В конце концов премьера Тринадцатой симфонии состоялась. А вот повторное исполнение в январе 1963 года уже вышло к слушателям с купюрами. Их внес сам автор текста Е. Евтушенко, который накануне концерта опубликовал в «Литературной газете» новый вариант «Бабьего Яра», в который были внесены правки. Например, была выброшена строка: «Каждый здесь расстрелянный – еврей, каждый здесь расстрелянный – ребенок». Шостакович оказался в сложном положении, поскольку переделывать музыку под новые стихи уже не было ни времени, ни желания. Но сделать это было необходимо, так как в противном случае концерт просто бы запретили.

Именно во время второго исполнения Тринадцатой симфонии кем-то в зале была сделана пиратская запись, которая затем попала на Запад. Так ее услышал мир.

29 мая 1966 года у Шостаковича случился первый в его жизни инфаркт, во время которого он едва не скончался. Врачи приложили максимум усилий, чтобы спасти его от смерти, и им это удалось.

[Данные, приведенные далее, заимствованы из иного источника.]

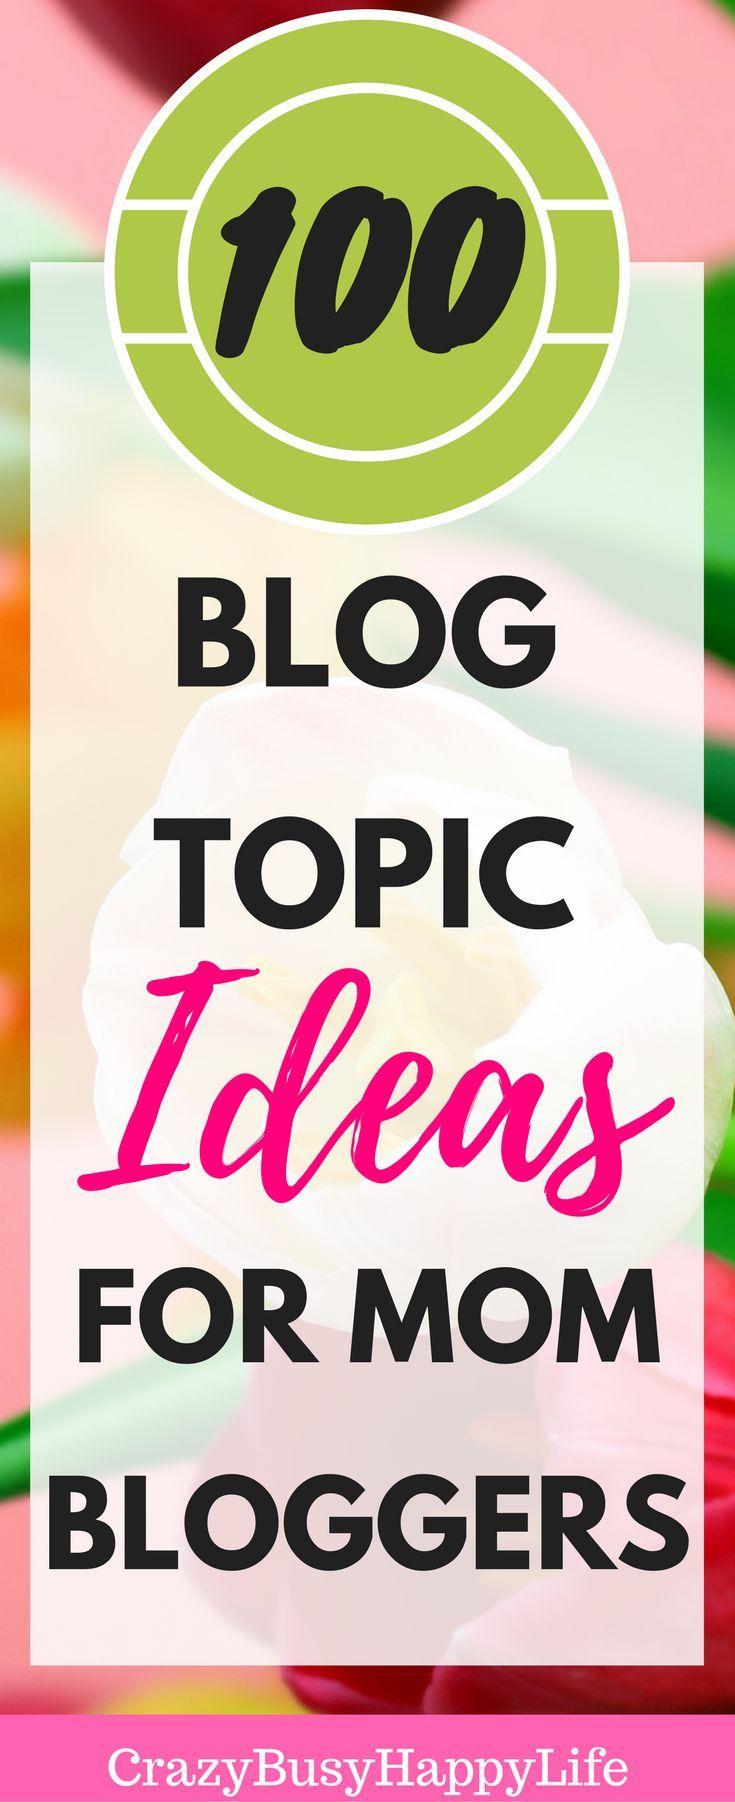 HUGE List of 100 Blog Topics For Mom Bloggers
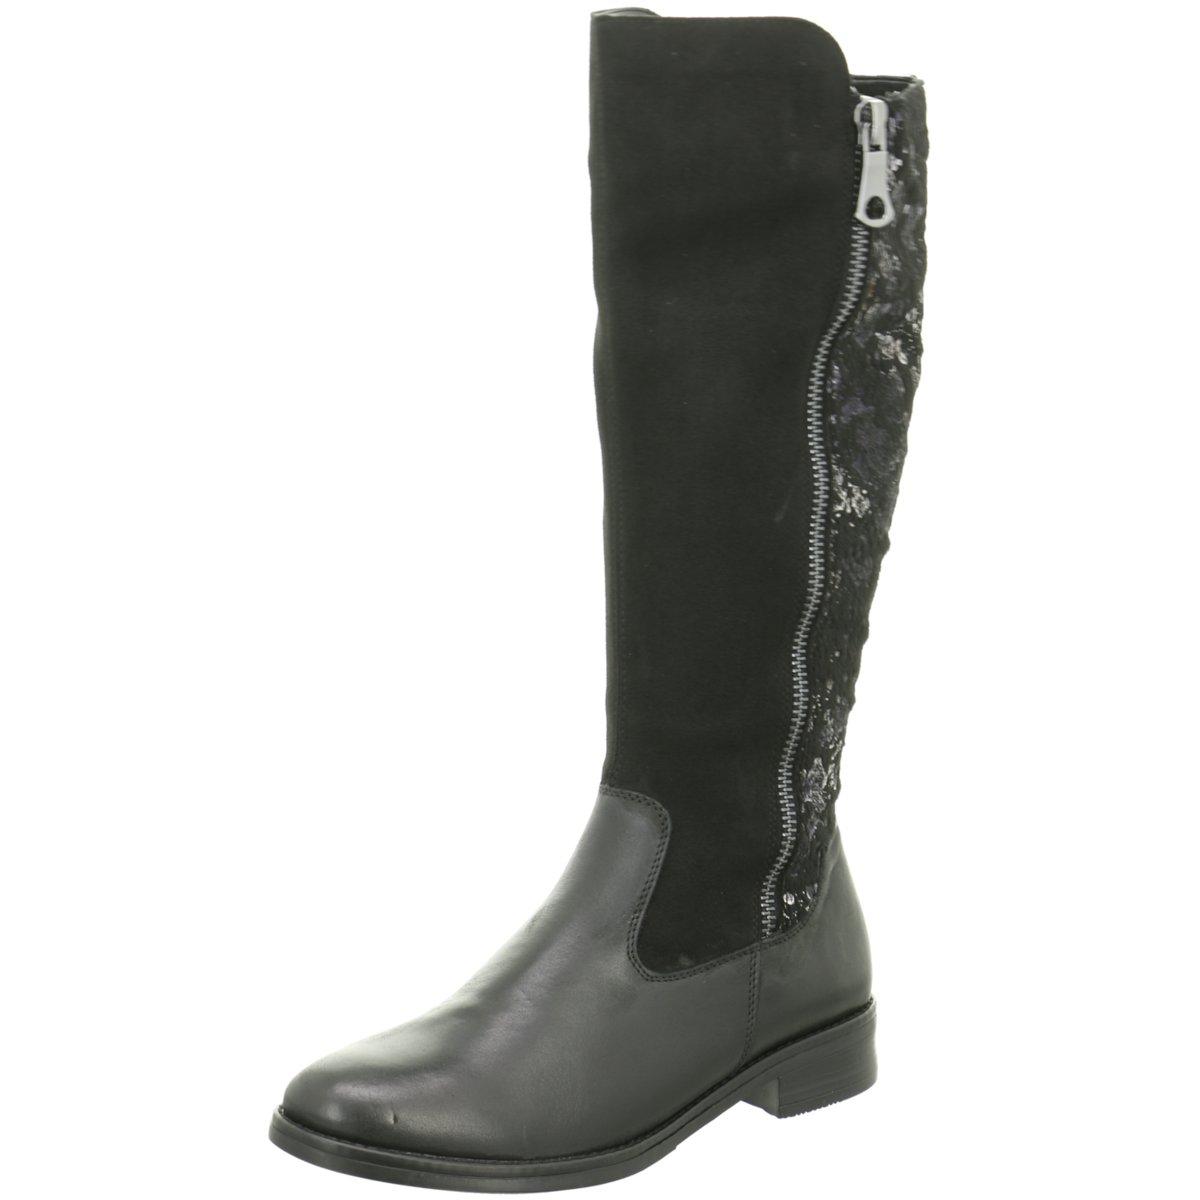 Remonte Damen D8577-01 Stiefel D8577-01 Damen schwarz 370729 ed0e85

Вплоть до середины августа композитор находился под присмотром врачей: сначала в больнице, затем – в санатории Мельничный Ручей под Ленинградом.

Между тем в сентябре того же года власти торжественно отметили 60-летие выдающегося композитора и присвоили ему звание Героя Социалистического Труда. Многие представители творческой интеллигенции встретили это событие негативно. Например, кинорежиссер Григорий Козинцев в своих дневниках записал следующие строки:

«Юбилей Шостаковича. Нечто вроде „Сумбура вместо музыки“, но превращенного в позитив, т. е. позитивное аккуратно, как было негативное.

Порядочек полного единообразия. Раньше все, как один, не понимали и возмущались. Теперь все, как один, понимают и восторгаются. Было некритическое подражание западному декадентству, стало сознательное следование русскому реализму. Раньше – неврастения, теперь – здоровье. Прежде – антинародное, нынче – народное…

Потешно, что всенародное чествование Шостаковича проходит под названием – фестиваль «Белые ночи». Добролюбов выразился куда точнее – «Луч света в темном царстве».

В чем можно не согласиться с режиссером, так это в том, что «раньше все, как один, не понимали и возмущались». Да, не понимали и даже критиковали Шостаковича власти неоднократно (кто сказал, что гении должны быть вне критики?), однако и хвалили его достаточно и даже высшие награды родины присуждали, причем у Шостаковича их было больше, чем у других: пять (!) Сталинских премий, одна Ленинская, одна Госпремия и одна Международная премия Мира. Плюс нынешняя Звезда Героя Социалистического Труда.

Но что творилось в те годы внутри самого Шостаковича? Некоторую завесу тайны приоткрывают его письма близкому другу – Исааку Гликману. Например, 3 ноября 1967 года Шостакович писал: «Много думаю о жизни, смерти и карьере… я, несомненно, зажился. Я очень во многом разочаровался. Разочаровался я в самом себе. Вернее, убедился в том, что я являюсь очень серым и посредственным композитором…»

А вот что он написал И. Гликману в другом письме – от 24 сентября 1968 года: «Завтра мне исполнится 62 года. Люди такого возраста любят пококетничать, отвечая на вопрос: „Если бы вы вновь родились, то как бы провели ваши 62 года? Как и эти?“

Я же на этот вопрос ответил бы: «Нет! Тысячу раз нет!»

Между тем здоровье великого композитора с каждым месяцем катастрофически ухудшается. 16 сентября 1971 года его настигает второй инфаркт. Ровно месяц Шостакович лежит пластом на больничной койке, и только 15 октября врачи разрешают ему сесть, но ненадолго.